Sementara di tempat lain, Arimbi sedang mengetuk sebuah pintu apartemen dengan tak sabaran. Ia tak sabar ingin bertemu pria itu yang ternyata tinggal di satu gedung apartemen dengannya. Mengapa ia begitu bodoh dan tak mengetahui fakta itu sedari dulu?

Memang tak gampang mengulik informasi tentang pengusaha muda satu ini, tapi setidaknya kini Arimbi sudah melangkah jauh ke depan untuk lebih dekat dengan pria itu yang sangat berpotensi mampu membuat kehidupannya jauh lebih glamor ke depannya.

Pintu terbuka dan ia langsung mengembangkan senyum terbaiknya untuk disuguhkan pada pria yang menatapnya datar itu.

"What are you doing here?" tanyanya tanpa ekspresi.

Arimbi yang gugup bukan main berusaha untuk mengumpulkan semua energi kepercayaan dirinya yang hilang begitu saja saat berhadapan dengan keturunan Arsenio ini.

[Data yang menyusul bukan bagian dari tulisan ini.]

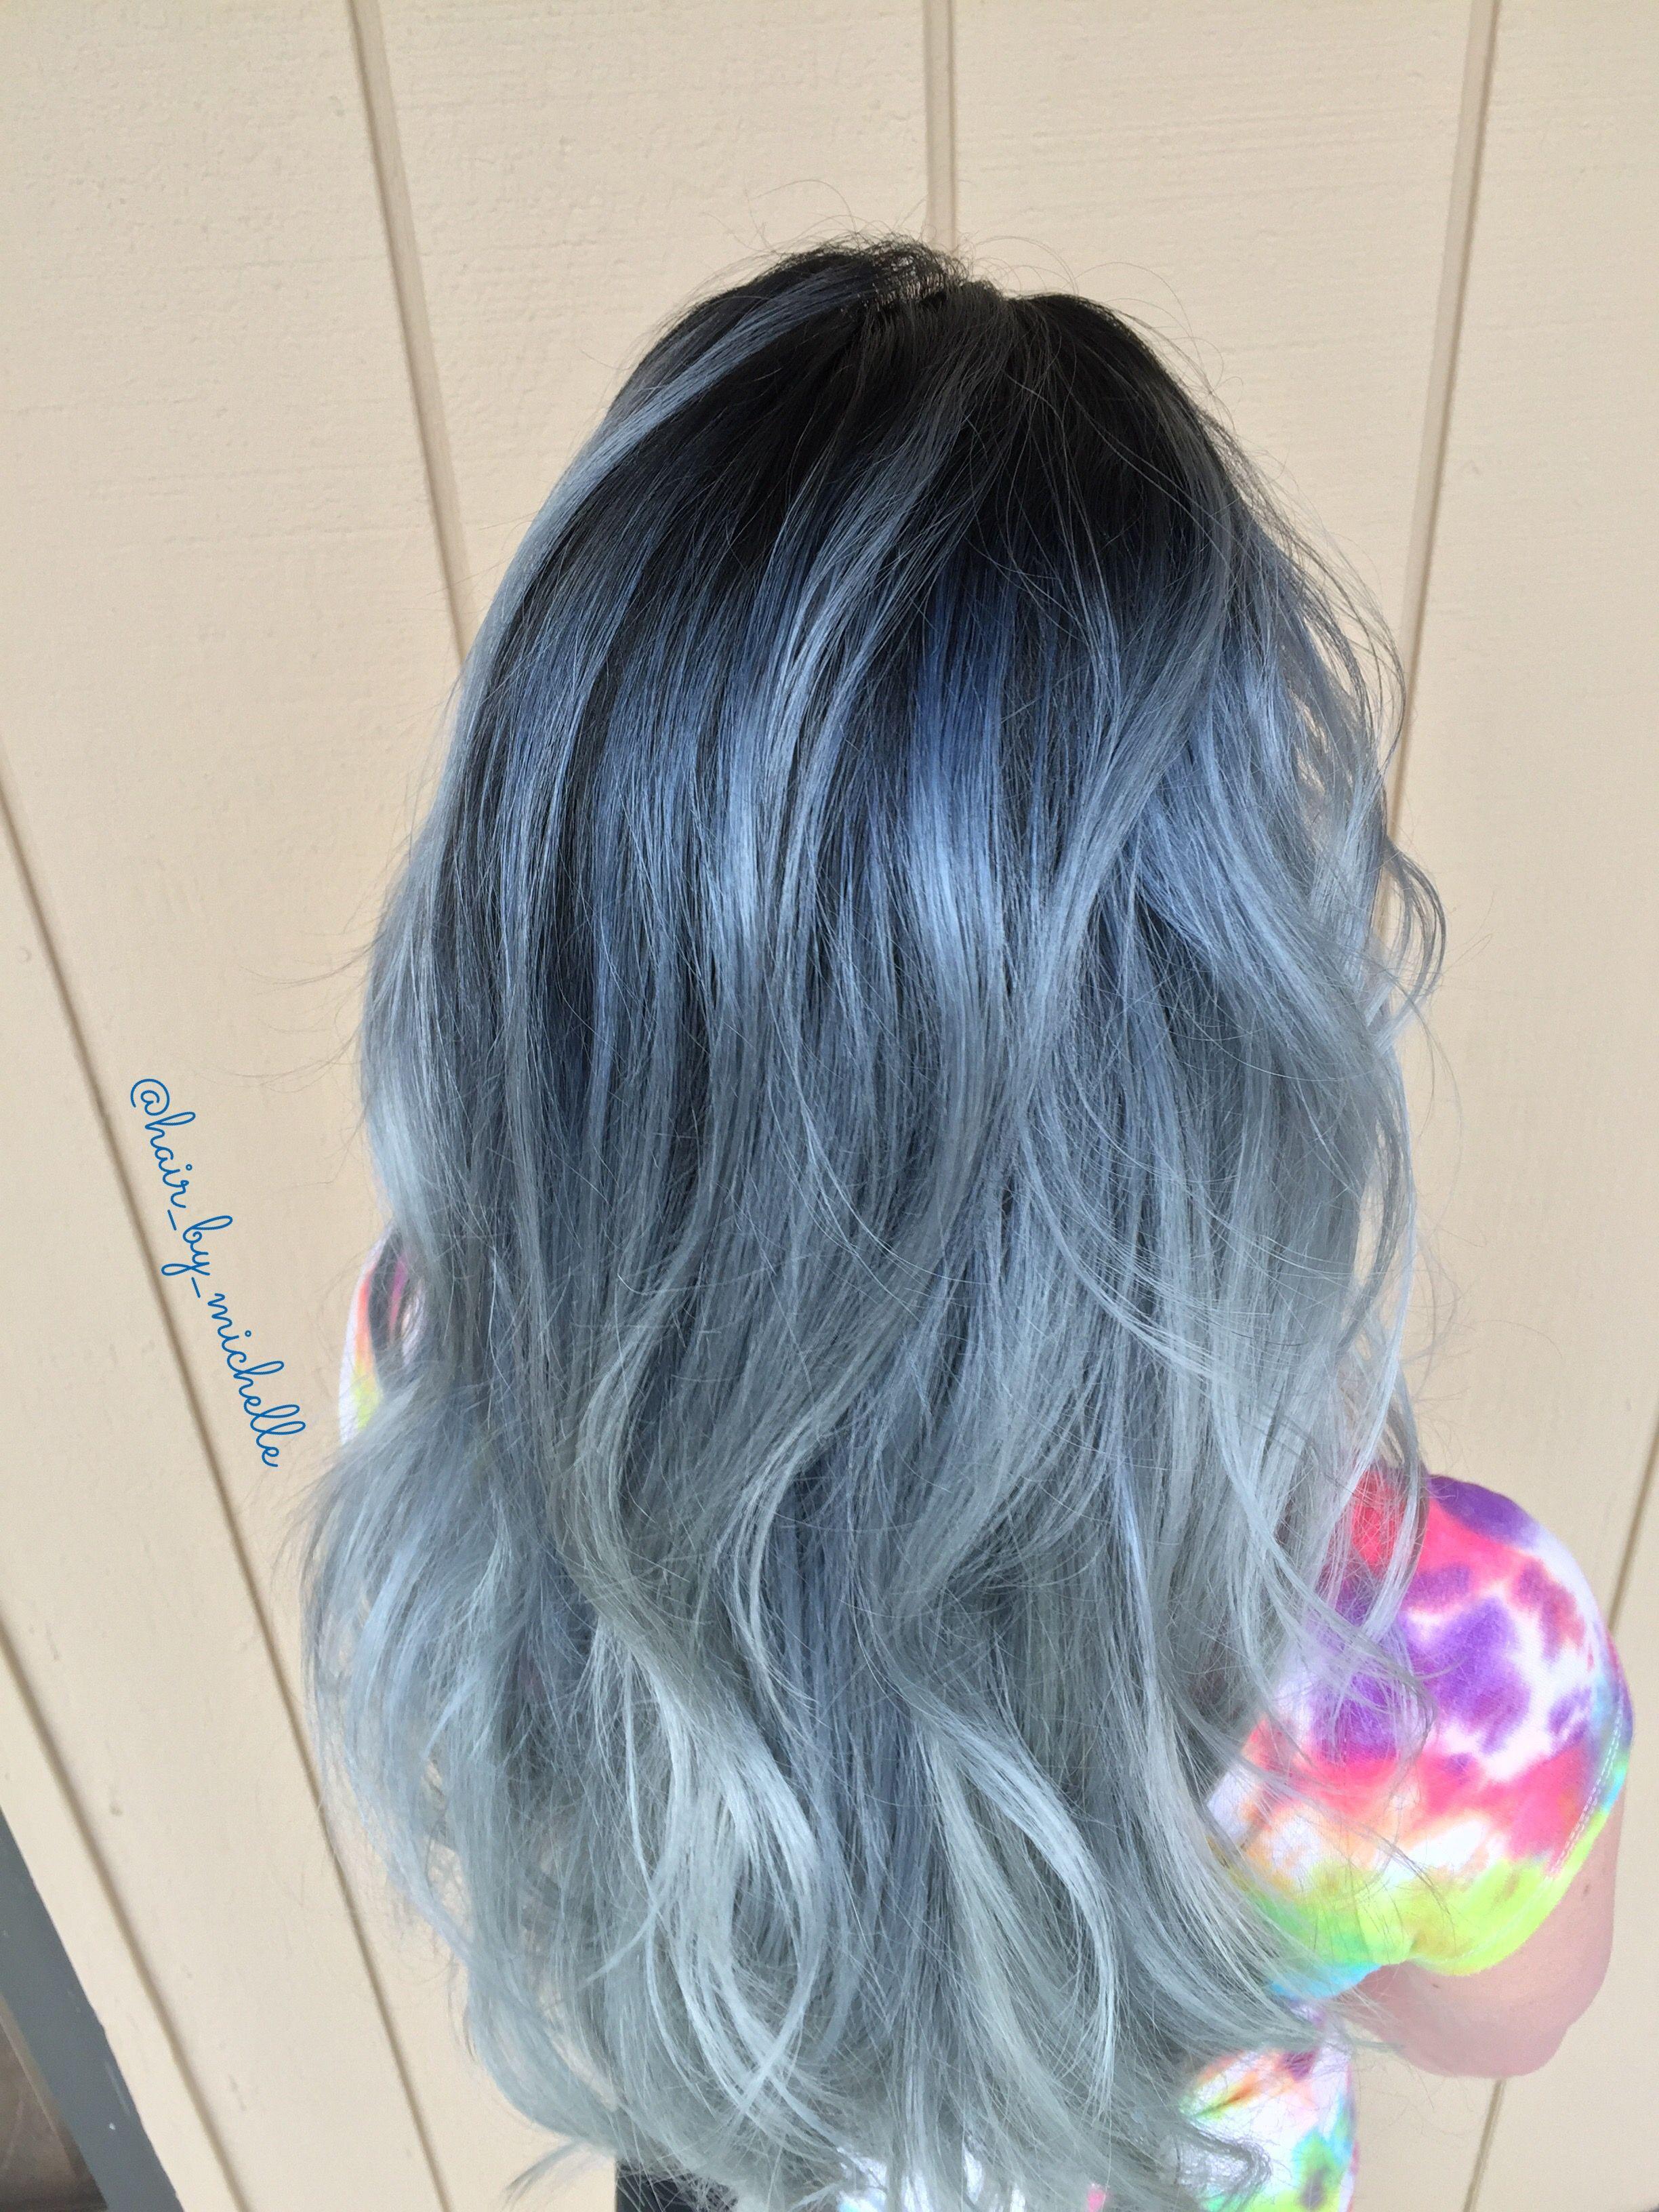 Denim Hair Blue And Silver Balayage

"Aku ... aku ingin bertemu denganmu," sahut wanita itu jujur.

Galen melirik ke belakang tubuh Arimbi dan ia melihat siluet tubuh wanita yang ditunggu-tunggunya hingga membuka pintu dengan tak sabaran karena mengira bahwa perempuan itulah yang datang.

"Masuk," ucapnya datar dan menarik Arimbi dengan cepat sebelum menutup pintu dengan rapat.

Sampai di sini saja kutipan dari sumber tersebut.